Well-established methods to correct for bias when analyzing non-randomized, observational data include inverse probability of treatment weighting (IPTW), pair matching, and generalized estimation [26,27,28,29,30,31,32]. IPTW uses the propensity score of each patient, which is a statistical estimate, p*(Z), based on the patient’s baseline covariates, Z, such as age, disease severity, or other characteristics, of the probability p(Z) that they would receive the treatment that they actually received. The estimate p*(Z) may be obtained by fitting a logistic or probit model for the patient treatment indicator as a function of Z. For IPTW estimation, each patient’s outcome Y, which, for example, may be an indicator of Res, or possibly PFS time, is replaced with the weighted value Y/p*(Z). The aim is to correct for the possible biasing effect that Z may have had if it was used to choose patients’ treatments. A simpler method, which often works surprisingly well in practice, is to include p*(Z) as an additional covariate in a regression model for Y as a function of Z. These bias correction methods are practical if the trial and historical samples are both sufficiently large and both samples include key patient covariates related to the clinical outcomes being compared. In practice, however, sample sizes of single-arm trials often are too small to implement bias correction methods reliably, and moreover, some key covariates may not be available for all patients in the trial and historical datasets. A common practice when reporting the results of a single-arm trial is to give estimated rates of Res, Tox, and other outcomes while citing corresponding historical rates seen with S. This implicitly invites the reader to compare numerical values of estimators that are not comparable due to confounding by between-study effects. Similarly, for PFS or OS time, plotting two Kaplan-Meier curves based on data from separate trials of E and S is a common example of this practice since it leads the reader to visually compare survival curves that are not comparable. The practical consequence of failure to randomize in a small trial is that it is likely to produce data that are of little use for comparing treatments fairly and are misleading due to confounding [33].
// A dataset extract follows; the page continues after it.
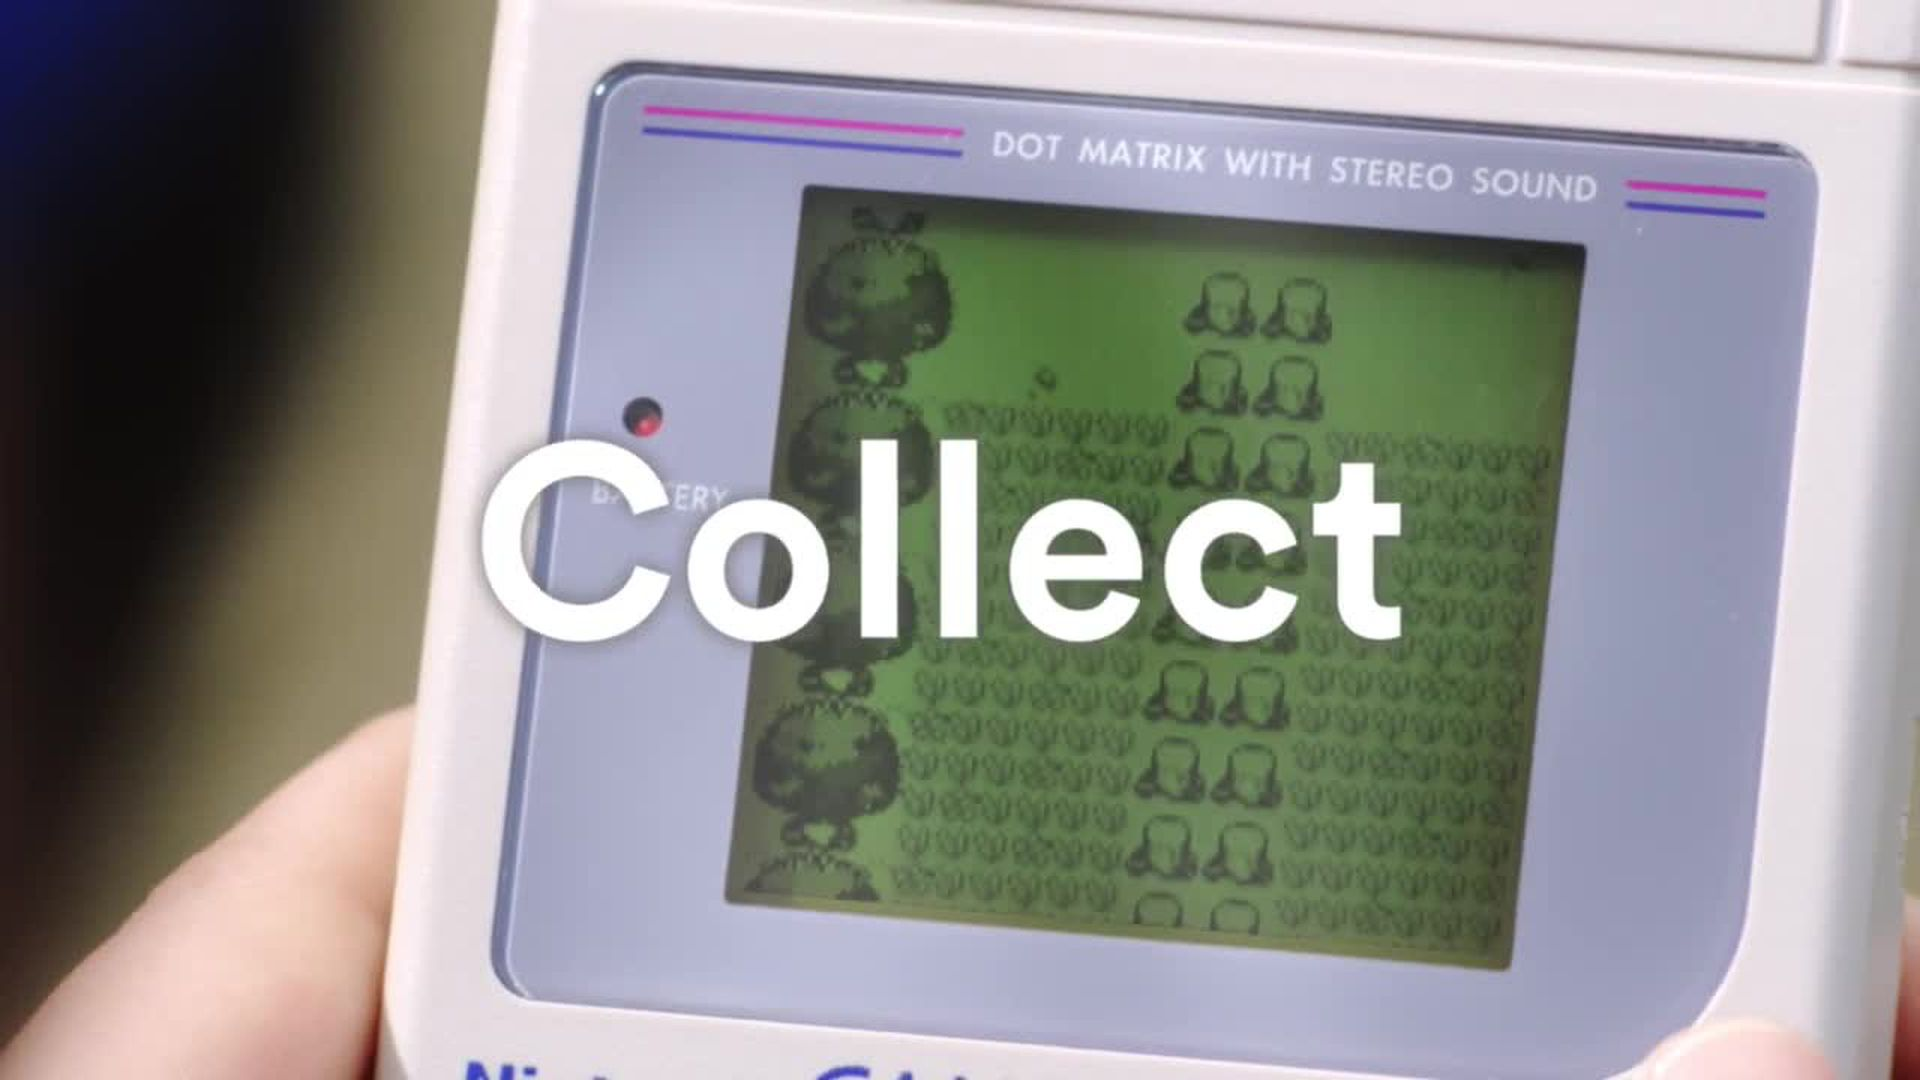 Game boy color quanto vale - Game Boy Color Quanto Vale 22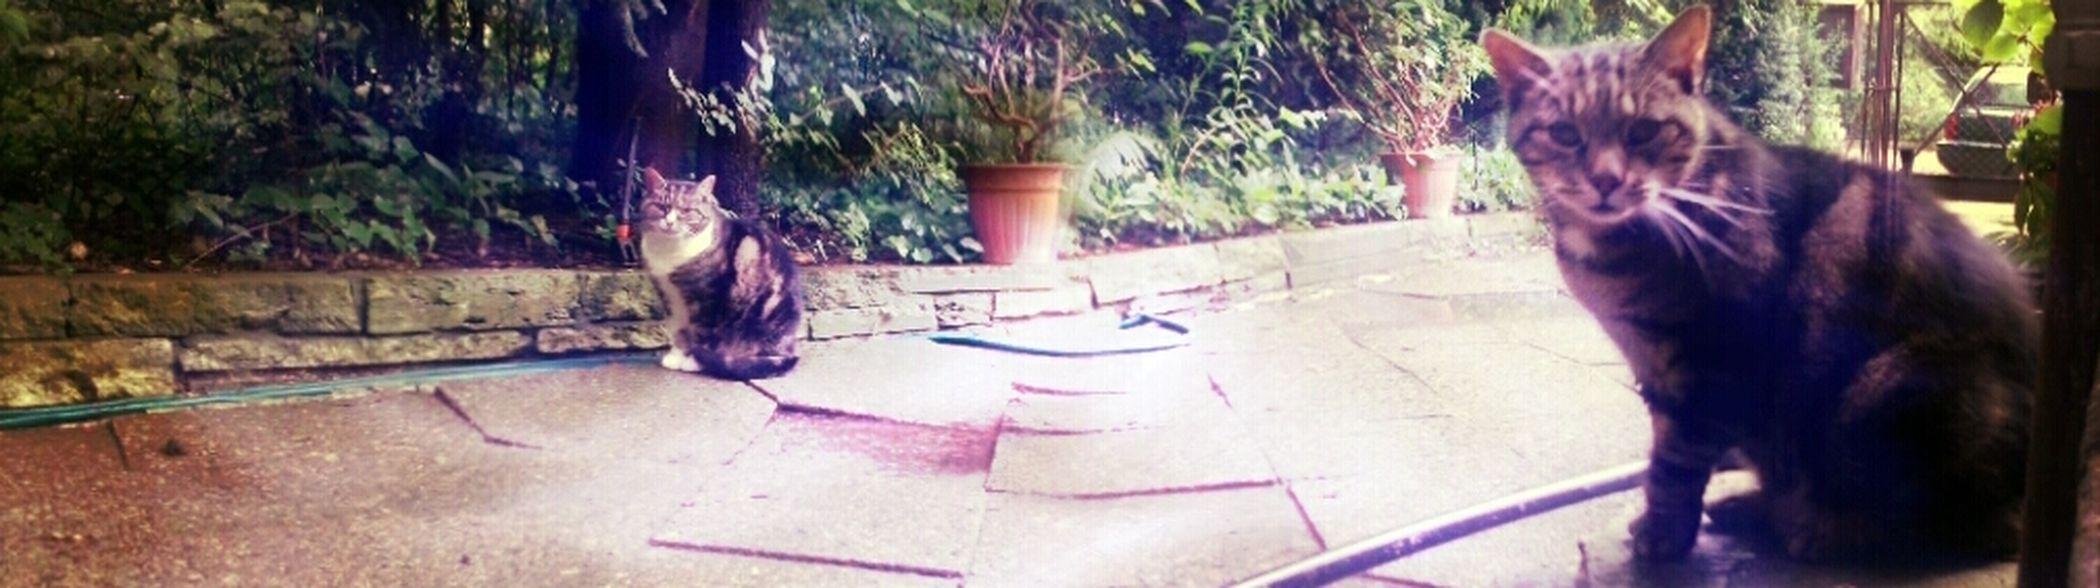 Cats Of EyeEm Aristocats Streetphotography Catsoneyeem

If E is a biologically targeted agent, there may be important additional issues to address in an SRCT. The phrase “precision (personalized, individualized) medicine” is often used to refer to the use by physicians of biomarkers that designed molecules or immunological agents have been engineered to attack to choose each patient’s treatment [34,35,36,37,38]. Based on its construction, a biological agent should have a greater anti-disease effect than S in patients who are biomarker-positive. For example, vascular endothelial growth factor (VEGF) inhibitors, such as bevacizumab, sorafenib, and sunitinib, are targeted agents designed to reduce blood flow to a tumor by blocking its angiogenesis. For such agents, the biomarker indicates that the patient is VEGF positive. Table 1b illustrates a setting where a targeted agent, E, is highly effective in biomarker-positive patients, with a true Res rate of 80%, while the Res rate of E drops to 10% for biomarker-negative patients. The Res rate of S is 50% regardless of biomarker status. In this setting, preclinical in vitro or in vivo data may suggest that comparing E to S in humans is relevant only in biomarker-positive patients. In this setting, averaging the response rates of E for biomarker positive and negative patients to obtain one overall rate makes little sense since the optimal treatment may not be the same in these two subgroups. A fair apples-to-apples comparison for biomarker-positive patients correctly shows that E is greatly superior to S in that subgroup, where patients have the biological target that E is engineered to attack. In such settings, it may make sense to conduct an SRCT of E versus S in biomarker-positive patients only. However, an important caveat is that E also may have a meaningful anti-disease effect in biomarker-negative patients due to an undiscovered biological pathway. Thus, because there often is much to be learned about a new targeted agent in an early-phase trial, it may be worthwhile to enroll biomarker-negative as well as positive patients. In any case, E-versus-S effects should be estimated separately in the biomarker positive and negative subgroups.

3. Bayesian Inference

Bayesian methods are particularly well-suited for making inferences from small samples, constructing practical safety and futility monitoring rules for clinical trials [38,39], and making predictions [40,41,42,43]. Because Bayesian inferences are valid for any sample size, they avoid the problem that many frequentist methods, such as estimators of treatment effects obtained from fitted Cox or logistic regression models, rely on asymptotic statistical distribution theory that is not valid for small samples.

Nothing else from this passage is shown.